Course Bread, Breakfast, Breakfast/Snack, Dessert, Dessert/Snack, Snack
Cuisine American
Keyword banana bread, banana bread recipe, banana bread with oil, blueberry banana bread, blueberry banana bread with oil, coconut banana bread, moist blueberry banana bread, moist coconut banana bread
Prep Time 15 minutes
Cook Time 1 hour
Servings 8
Author Molly | Spices in My DNA

Ingredients

  • 2 cups all purpose flour
  • 1 teaspoon baking powder
  • 1/2 teaspoon baking soda
  • 1 teaspoon cinnamon
  • 1 teaspoon kosher salt
  • 3 medium-large overripe bananas, mashed
  • 1/2 cup coconut oil, melted and cooled
  • 1/2 cup granulated sugar
  • 1/4 cup light brown sugar, packed
  • 2 large eggs
  • 2 teaspoons vanilla extract
  • 1 1/2 cups blueberries
  • 3/4 cup unsweetened shredded coconut, plus extra for topping

For serving

  • softened butter
  • honey
  • flaky sea salt

Instructions

  1. Preheat oven to 350℉. Grease and line a 9x5 loaf pan with parchment paper. Set aside.

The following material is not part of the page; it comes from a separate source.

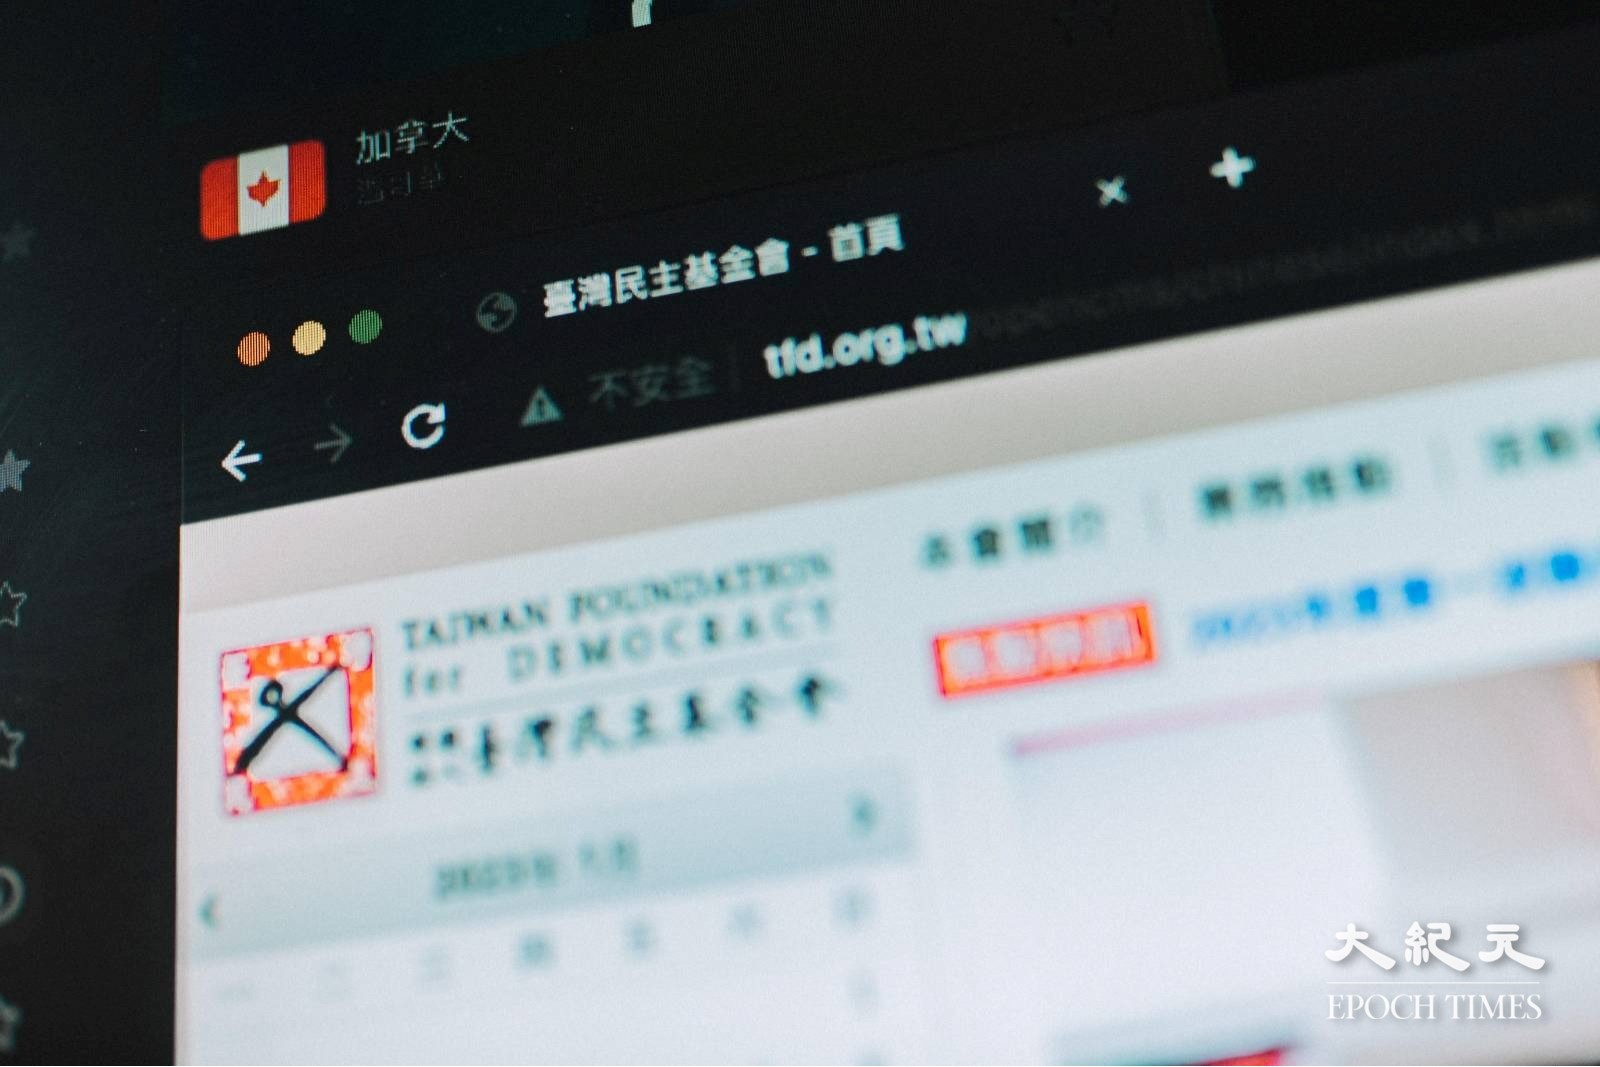 有網民發現，無法從本港網絡登入《臺灣民主季刊》網站，本報記者嘗試以VPN才成功登入。（劉駿軒／大紀元）

  2. In a medium mixing bowl, whisk together the flour, baking powder, baking soda, cinnamon, and salt. In a separate larger mixing bowl, whisk together the mashed bananas, melted coconut oil, granulated sugar, and brown sugar until smooth. Add the eggs and vanilla and whisk again until smooth and combined. Gently add the dry ingredients to the wet, folding together with a rubber spatula until just combined. Gently fold in the blueberries and shredded coconut.

  3. Pour batter into the prepared loaf pan and smooth out the top with a rubber spatula. Sprinkle batter with a handful of shredded coconut. Bake for 60-65 minutes, until top is golden brown, the center is no longer jiggly, and a toothpick inserted in the center comes out clean. Let cool for 20 minutes in the loaf pan, then gently remove and cool the remainder of the way on a wire rack. My favorite way to enjoy this bread is with a smear of softened butter, a drizzle of honey, and a sprinkle of flaky sea salt!